**Supplied data:**
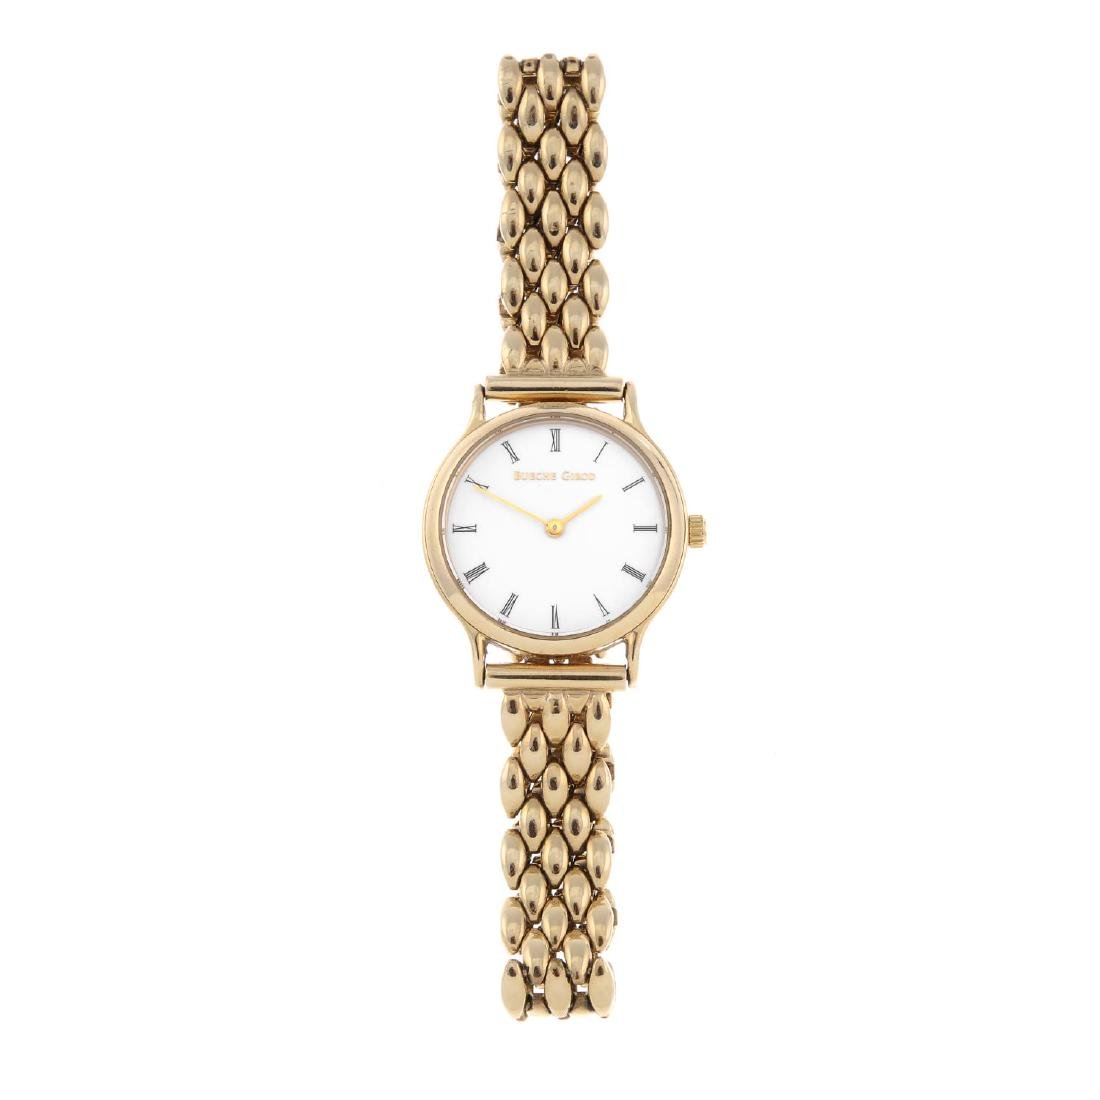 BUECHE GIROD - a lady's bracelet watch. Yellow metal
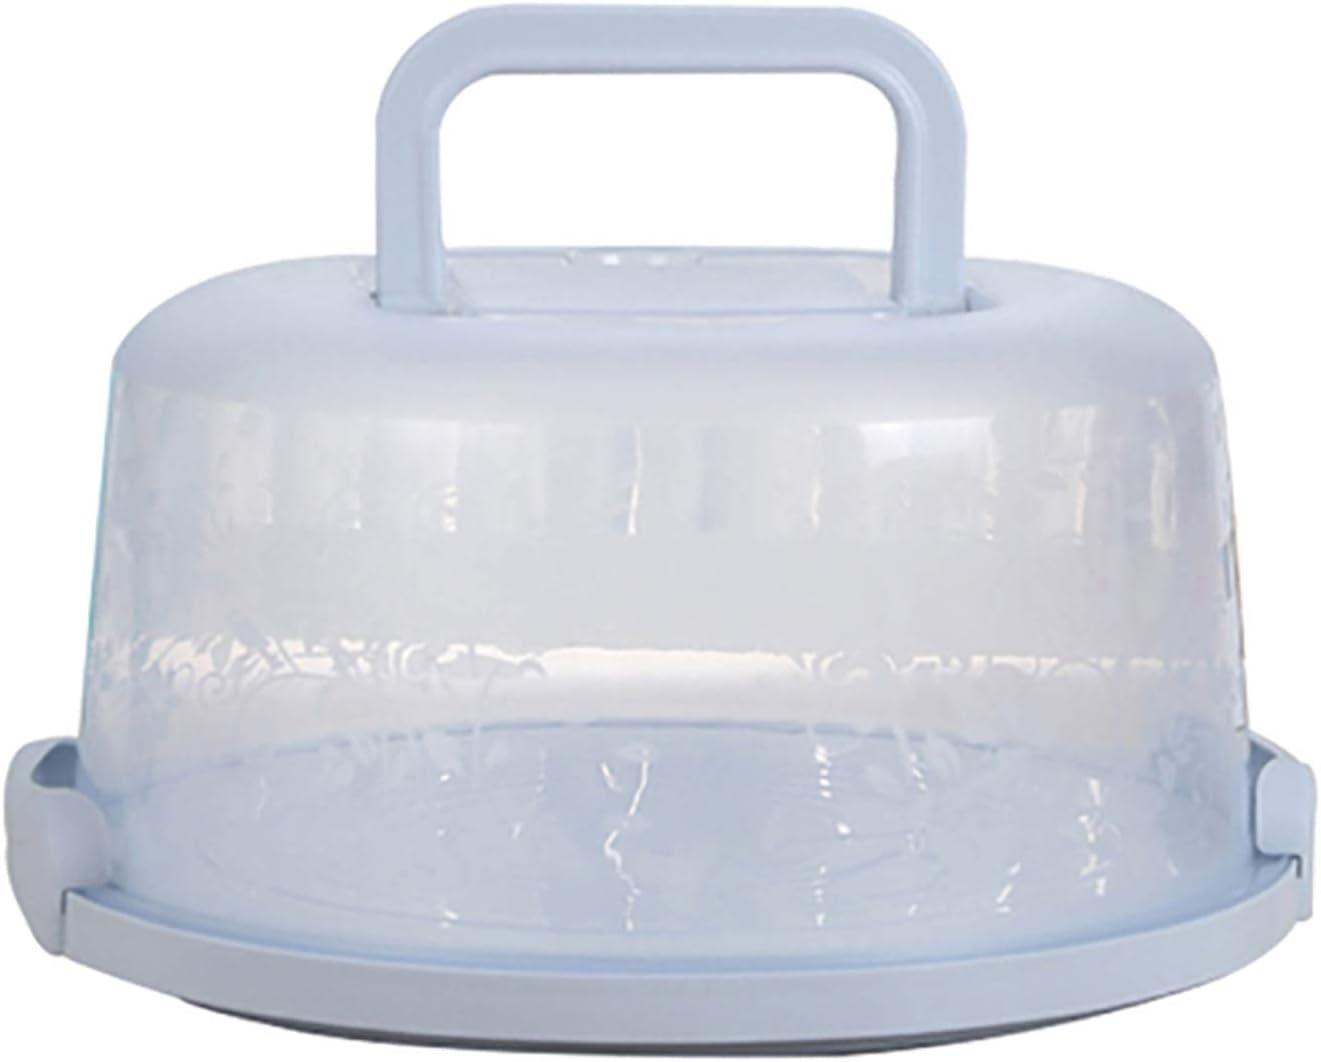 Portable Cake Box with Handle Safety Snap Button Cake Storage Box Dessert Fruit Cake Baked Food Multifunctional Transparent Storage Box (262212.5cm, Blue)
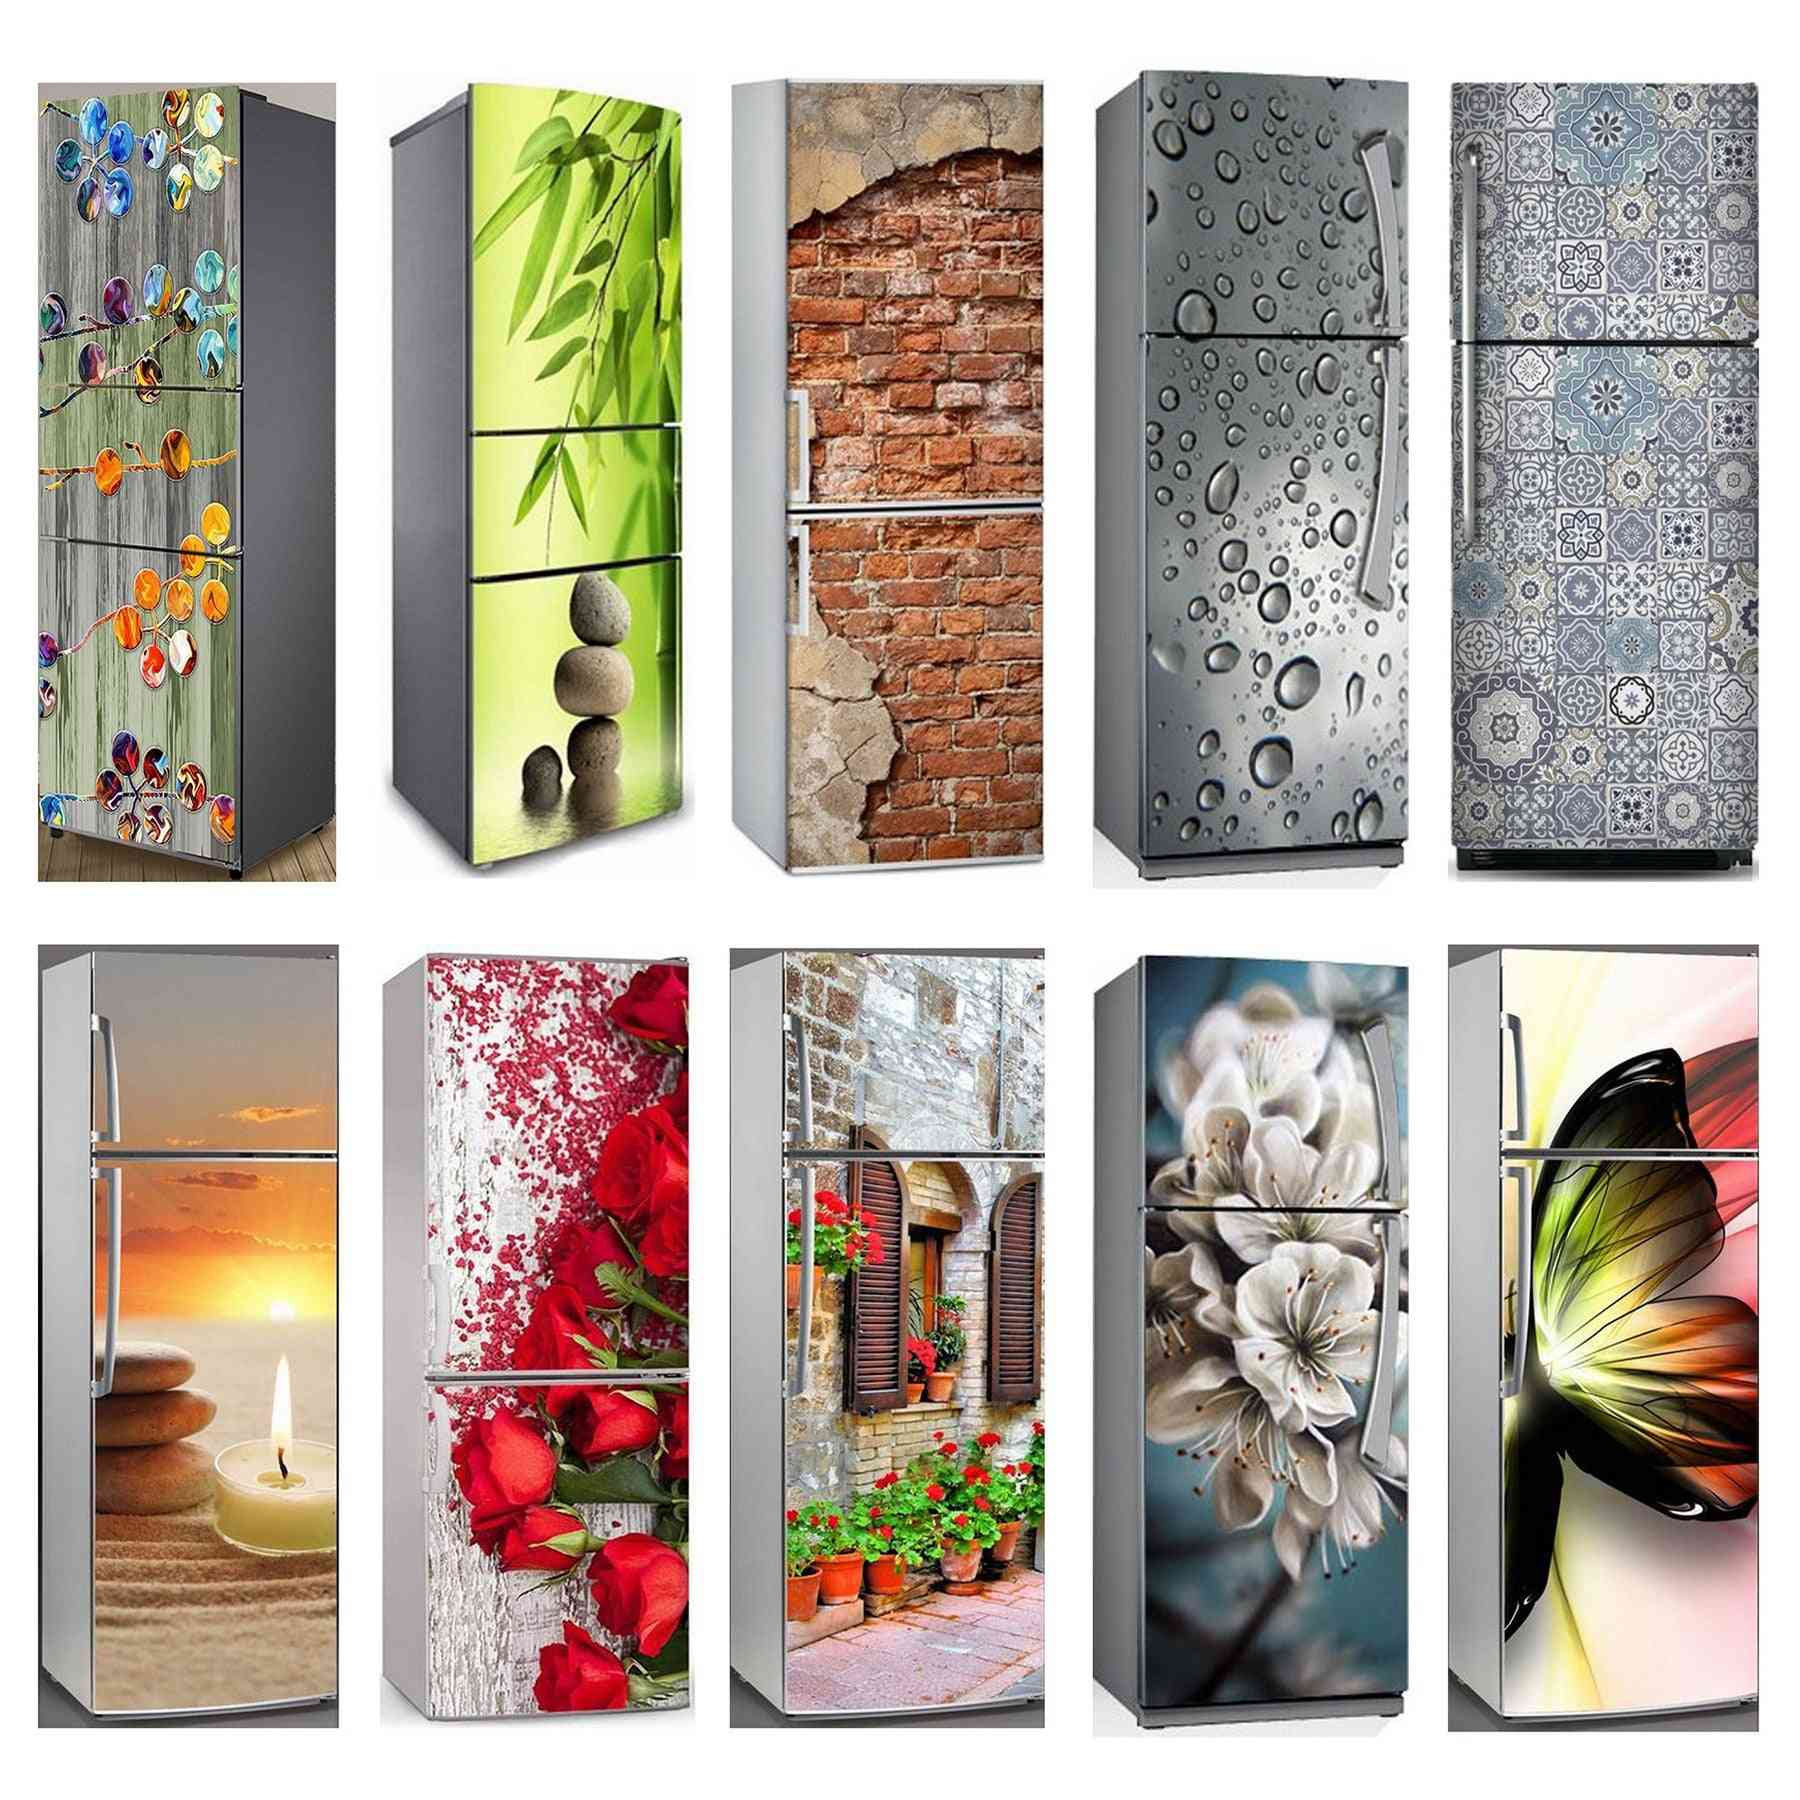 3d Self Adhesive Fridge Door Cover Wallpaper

**What the exercise asks:**
Apart from the pictures, the material above has to be repeated exactly.

**Answer for this exercise:**
 BUECHE GIROD - a lady's bracelet watch. Yellow metal
 Portable Cake Box with Handle Safety Snap Button Cake Storage Box Dessert Fruit Cake Baked Food Multifunctional Transparent Storage Box (262212.5cm, Blue)
 3d Self Adhesive Fridge Door Cover Wallpaper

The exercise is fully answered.